Since the turn of the year, that confidence has sharply been eroded. And the feeling of disgruntlement and despondency has increased. It’s a typical thing, though, of life as a football supporters, there is absolutely no grey zone, cups are full or empty never half of either. No doubt the next win (hoping that there will be one) will change the mood and we will be on our way to winning the FIFA Club World Cup in no time at all.

However, the weekend that involved the Folkestone Invicta match was a severely unhappy and disappointing one.

Because of closures on the M20 to install a new bridge, alternative routes and thoughts were needed as to how to get to Folkestone and where to stay for the two nights that Rosey and I decided that we wanted to cut down on the travelling on the day.

The normal thing for us to do when we do go down in that direction is to stay at a hotel in the service station on the M20; precisely where that bridge is being built… So we stared at the various maps and hotels websites and chose a hotel in Winchelsea. There was nothing wrong with the hotel, a bit noisy but no big deal. The food there was a bit pricy but having eaten some of it, definitely worth the price.

The journey to Winchelsea on Friday night was severely crap. Quite often it is a mistake to religiously follow the satnav; and our one has a fetish for unlit country roads that for some reason have the national speed limit attached to them. You could probably tell which was our car, because we normally were going at a comfortable pace, comfortable for us, but there would often be an impatient queue of vehicles behind us driven by people who either are local and know these lanes like the backs of their hands or by lunatics who think they’re world class rally drivers. Or both.

So Friday night wasn’t too much fun until we reached the hotel. Saturday, the main idea for this trip, was horrid. The only good bit was the journey from Winchelsea to Folkestone, picturesque roads most of the way (though notice was taken as to the fact that our beloved satnav would probably take us back that way in the dark and yes, the roads would be unlit.).

We passed the safari park in Port Lympne, debating whether we should go there instead of the football. We made easily the wrong choice.

The game itself was desperate to watch for the vast majority of it. A bright-ish start from another much-changed Kingstonian starting eleven, most of the changes admittedly were forced, but anyway for ten minutes we had a contest threatening to turn up. Then, defensive mistake, needless tackle in the area, penalty, thank you, goal, heads go down. Can we come back? Even after eleven minutes my answer was a “probably no”.

Unfortunately I was right, as K’s fumbled and bumbled along for the whole ninety minutes, very rarely threatening the Folkestone goal. If the tactic was to give the Invicta goalkeeper frostbite through inaction and then we would score, it was not successful. Folkestone added another defensively horrid goal, giving Johan her Horst the freedom of Folkestone and most of Dover and the Pas-de-Calais to tap into a practically empty net.

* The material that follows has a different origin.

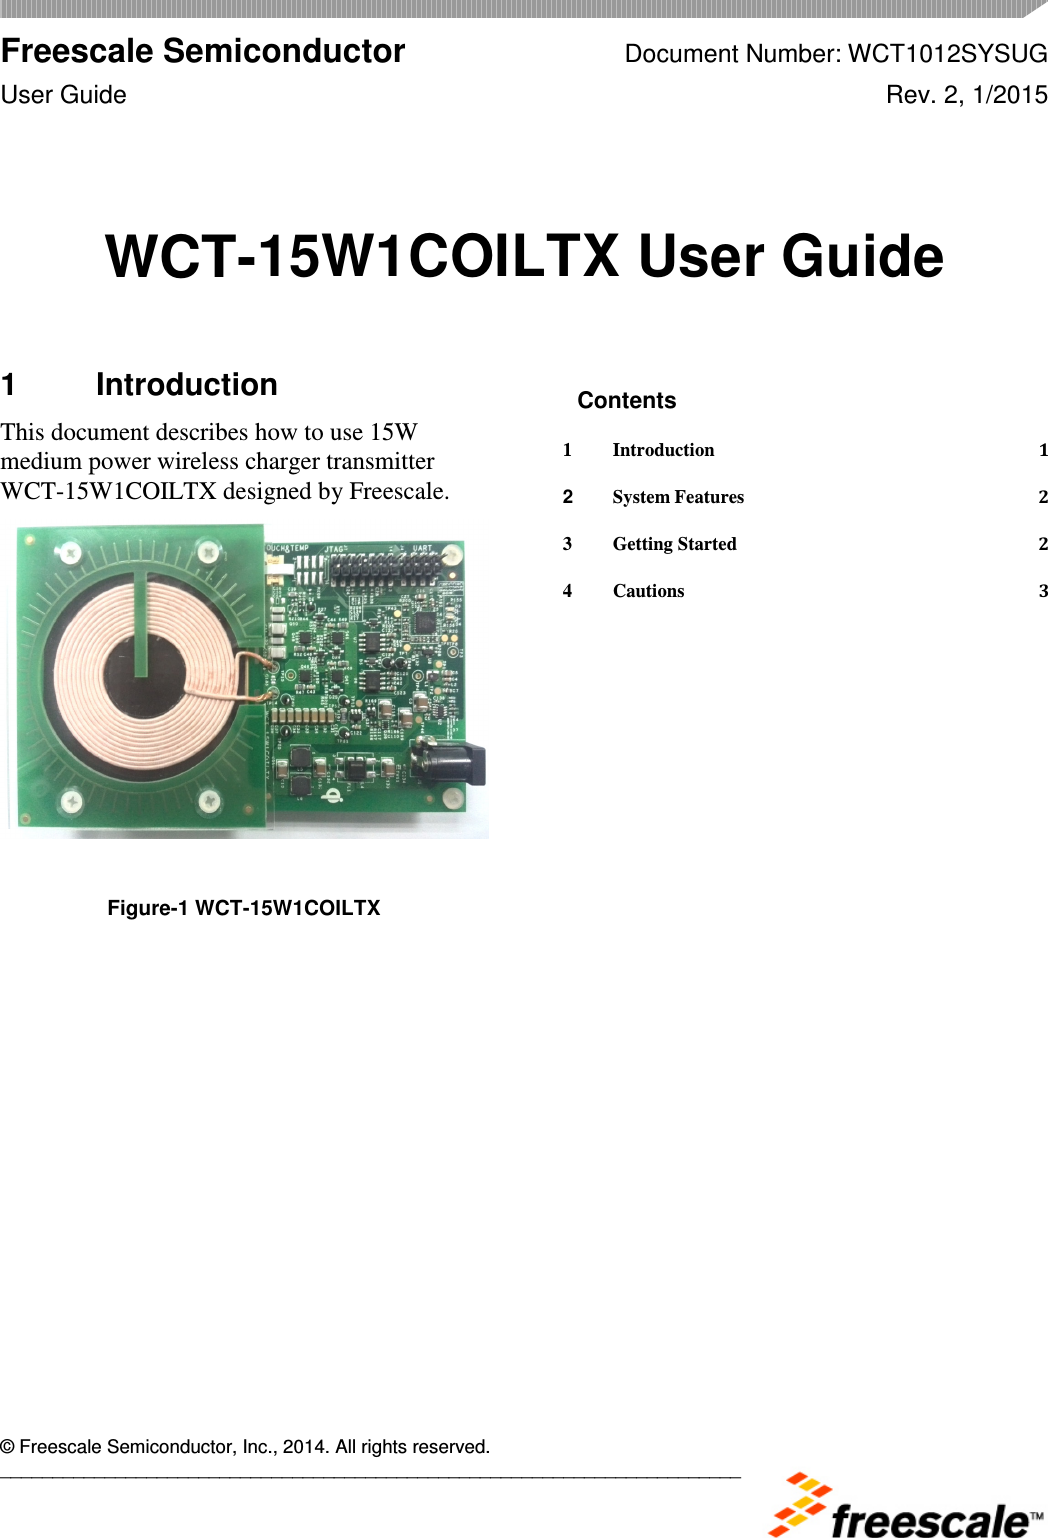  Freescale Semiconductor Document Number: WCT1012SYSUG User Guide  Rev. 2, 1/2015      © Freescale Semiconductor, Inc., 2014. All rights reserved. _______________________________________________________________________ WCT-15W1COILTX User Guide  1  Introduction This document describes how to use 15W medium power wireless charger transmitter WCT-15W1COILTX designed by Freescale.    Figure-1 WCT-15W1COILTX  Contents 1 Introduction  1 2 System Features  2 3 Getting Started  2 4 Cautions  3

Only when Elliott Buchanan came on did we seriously threaten the goal, and even then he got very little service indeed, at one stage having to enter the realms of the back four in order to get some possession. In the end, it was a relief when the final whistle went. Folkestone Invicta did not look that good a team on the day, yet they were comfortably better than a Kingstonian side that, in keeping with the title of my previous blog, now has a problem.

Not many things grate more than making long trips for a Kingstonian game and then see, from a K’s point of view, a poor game. It’s well known that I dislike travelling, and to be honest a lot of this dislike this season is probably coming from the fare that goes on offer on a Saturday afternoon. There have been way too many of these trips, most of them meaning that we stay in a hotel on the Friday night and normally Saturday as well, and there’s been little reward at the end of it. Saturday was probably the worst of the lot.

Travel back to Winchelsea was as difficult as expected, once again crawling along national speed limit roads in pitch black with a queue of local racing driver wannabees behind us – I made a heinous error in deciding to have fish and chips on the way back to the hotel; they were as disappointing as the game, we should have eaten at the hotel again. The journey back on Sunday took way too long, once again weird routes from the satnav, queues here there and everywhere, and finally on Sunday night, why in the name of Rocky the squirrel did I watch the Pro Bowl? The NFL’s version of an all-star game, and, as it is every year, it was awful. American football played in a friendly environment at 25-50% (if that) speed is as boring as heck, and I should have known better.

Apart from all that, yes, I’m doing fine…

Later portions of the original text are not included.